If Nvidia had been this realistic and sensible and treated us like adults, rather than trying to make their uber-nerd CEO into some kind of leather clad pseudo-rock star and blowing up any passing birds with the sheer quantity of laser beams, I might have taken their tech seriously. As it was, they set a standard that was so high that nothing other than total perfection at high FPS and resolution was going to meet it.

I get they were trying to sell cards, but you don't sell anything by setting consumer expectations so high that your product can't meet said expectations. You're just setting yourself up to fail. Set those expectations more modestly (or at least not stupidly) and let the reviewers and early adopters go “WOW, THIS IS AWESOME!” for you. This is what Cryteck have done - they've been realistic about what it is and then made a demo which is stunning, runs well on hardware people can afford and isn't seen as being some ego fuelled brag-fest.
Would have been a tough sell from Nvidia's part: we've added a lot of dedicated expensive hardware to our new boards that only act as a bit of visual polish.

Those of us who see it as just that, aren't paying through the nose for an RTX. Do I want to see ray tracing in games and this visual polish? Absolutely, but I'm not willing to pay extra for it - and I'd rather current visuals are high fps in 4K first.
philehidiot
I love how they're being realistic about what ray tracing does - it's a useful tool and a step towards photorealism. Whereas Nvidia's marketing was just so overhyped you'd think that Jesus was surfing back down to Earth on a traced ray and that the second coming could only happen with “RTX on”. And that if you didn't buy an RTX card you might as well just start your journey to hell now as life just isn't worth living without “RTX on”.

If Nvidia had been this realistic and sensible and treated us like adults, rather than trying to make their uber-nerd CEO into some kind of leather clad pseudo-rock star and blowing up any passing birds with the sheer quantity of laser beams, I might have taken their tech seriously. As it was, they set a standard that was so high that nothing other than total perfection at high FPS and resolution was going to meet it.

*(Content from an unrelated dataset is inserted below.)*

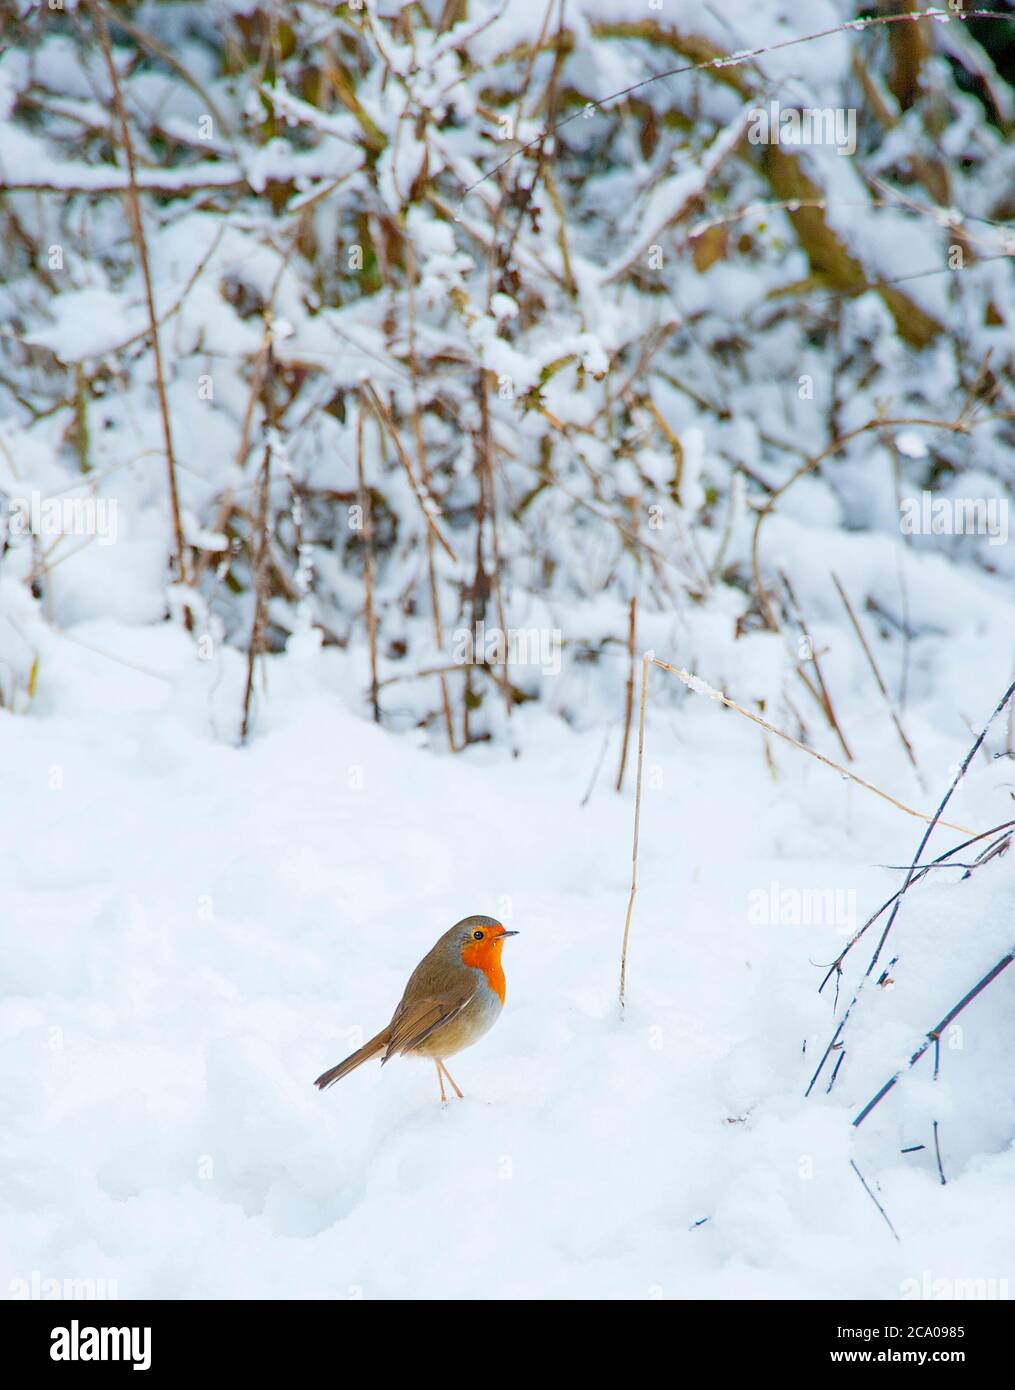 Robin in snow Stock Photo

I get they were trying to sell cards, but you don't sell anything by setting consumer expectations so high that your product can't meet said expectations. You're just setting yourself up to fail. Set those expectations more modestly (or at least not stupidly) and let the reviewers and early adopters go “WOW, THIS IS AWESOME!” for you. This is what Cryteck have done - they've been realistic about what it is and then made a demo which is stunning, runs well on hardware people can afford and isn't seen as being some ego fuelled brag-fest.

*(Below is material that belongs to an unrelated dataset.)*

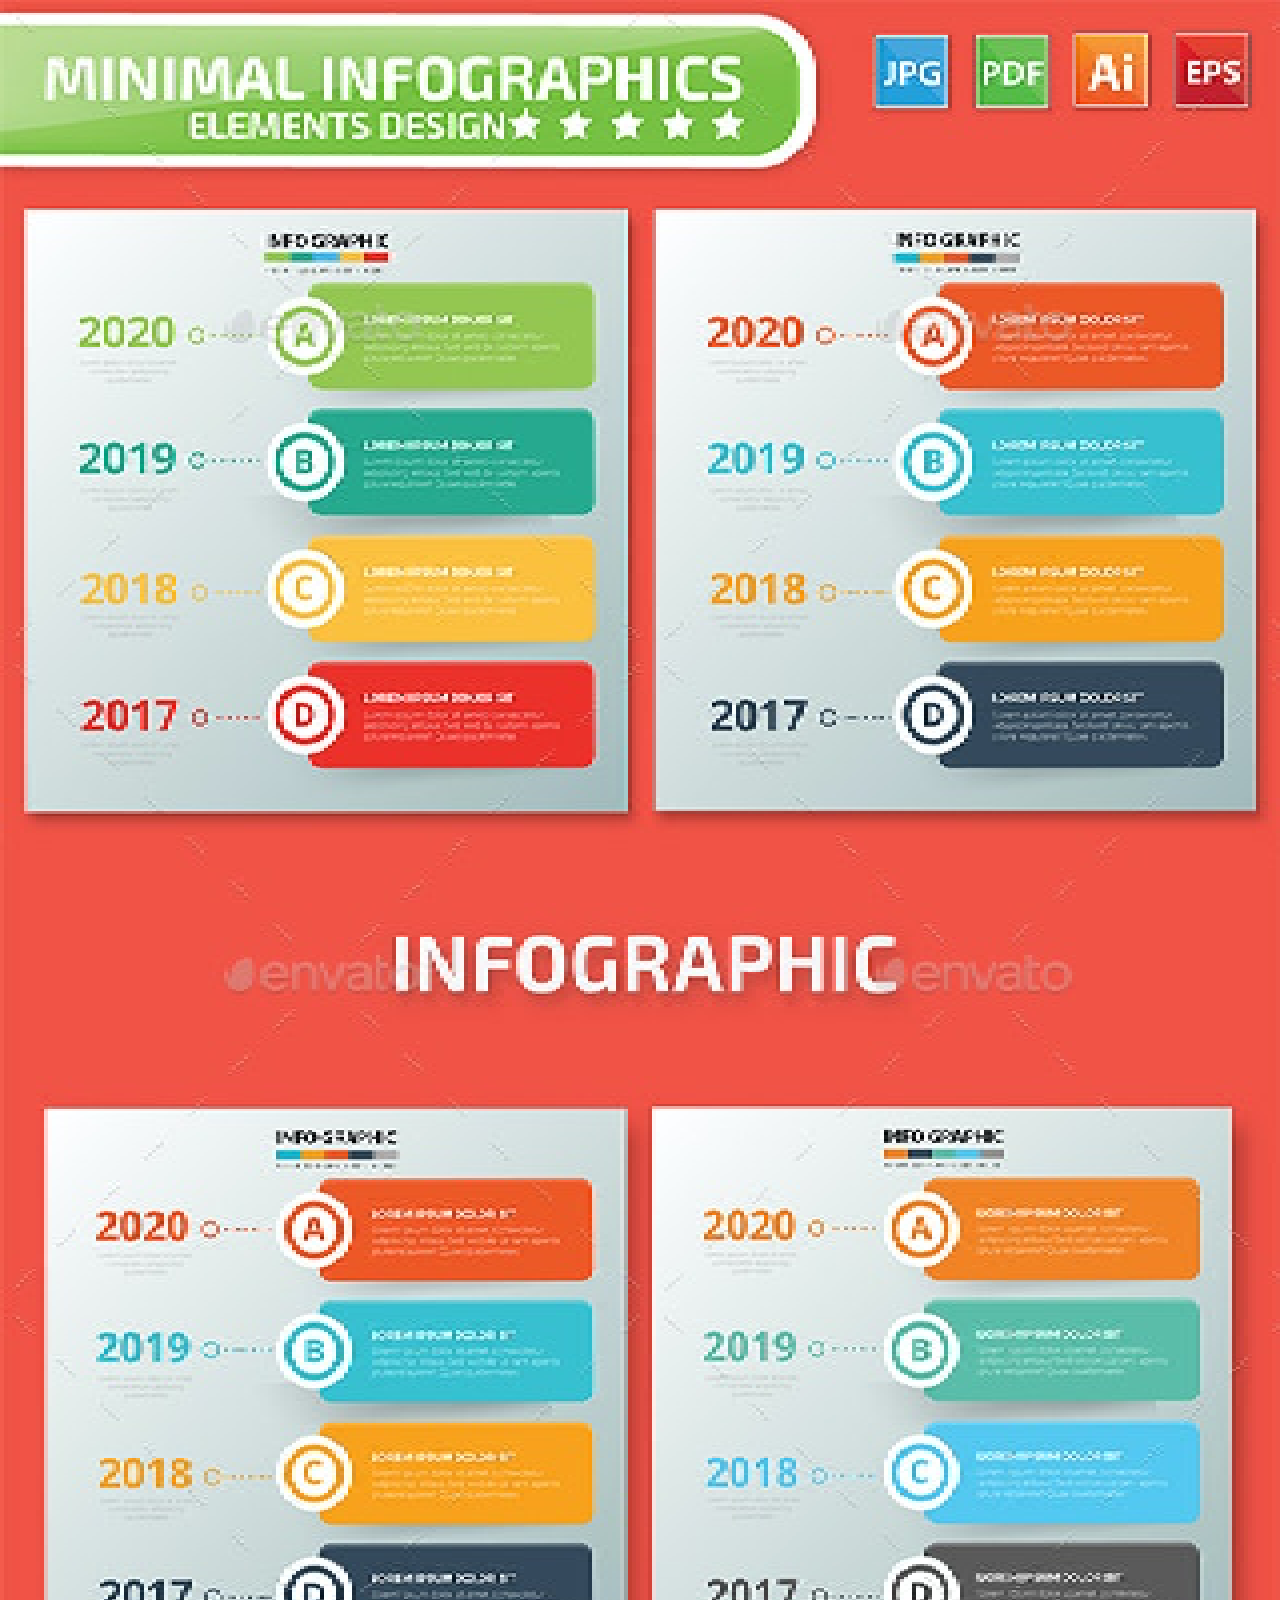 Timeline infographic design pinterest image.

I guess it depends entirely on the consumer who is purchasing. I went with the RTX 2080 for the fps / resolution / power draw / noise options, couldn't give a jot about ray tracing hardware and still haven't played any of the few games with that available (even though I have BFV installed on my PC). My expectations have been met.
While RTX and the like does make all this stuff look so pretty, I fully expect everyone to go all Ray-Tracing mad and ‘photorealism’ crazy, just like they did with surround sound and keep doing with 3D movies.
It's a background effect that exists only to enhance the experience… yet all the demos so far, understandably wanting to highlight and showcase the RTX, have made everything absolutely pristine and shiny and reflective to a point waaaaaaaaaaaaay beyond realistic.

In the RTX future, nothing is dirty and presumably entire nations are employed to polish everything.

But then, Chris Roberts will save us when Star Citizen finally comes out and gifts us with all that realistic Physics Based Rendering he promised…

I can't believe we're five months into 2019 and I haven't yet had a single dig at him!
Now if I can just get in a mention of lariats, and turn this into a thread about Brexit, the trinity will be complete and Cthulu shall be summoned to our plane!!
Iota
I guess it depends entirely on the consumer who is purchasing. I went with the RTX 2080 for the fps / resolution / power draw / noise options, couldn't give a jot about ray tracing hardware and still haven't played any of the few games with that available (even though I have BFV installed on my PC). My expectations have been met.

Fair. I bought a Vega64 because it was winter and I wanted to not have to turn on the heating.

My expectations have been met.


Note: No subtle / passive aggressive piss-take intended there, just a flippant remark.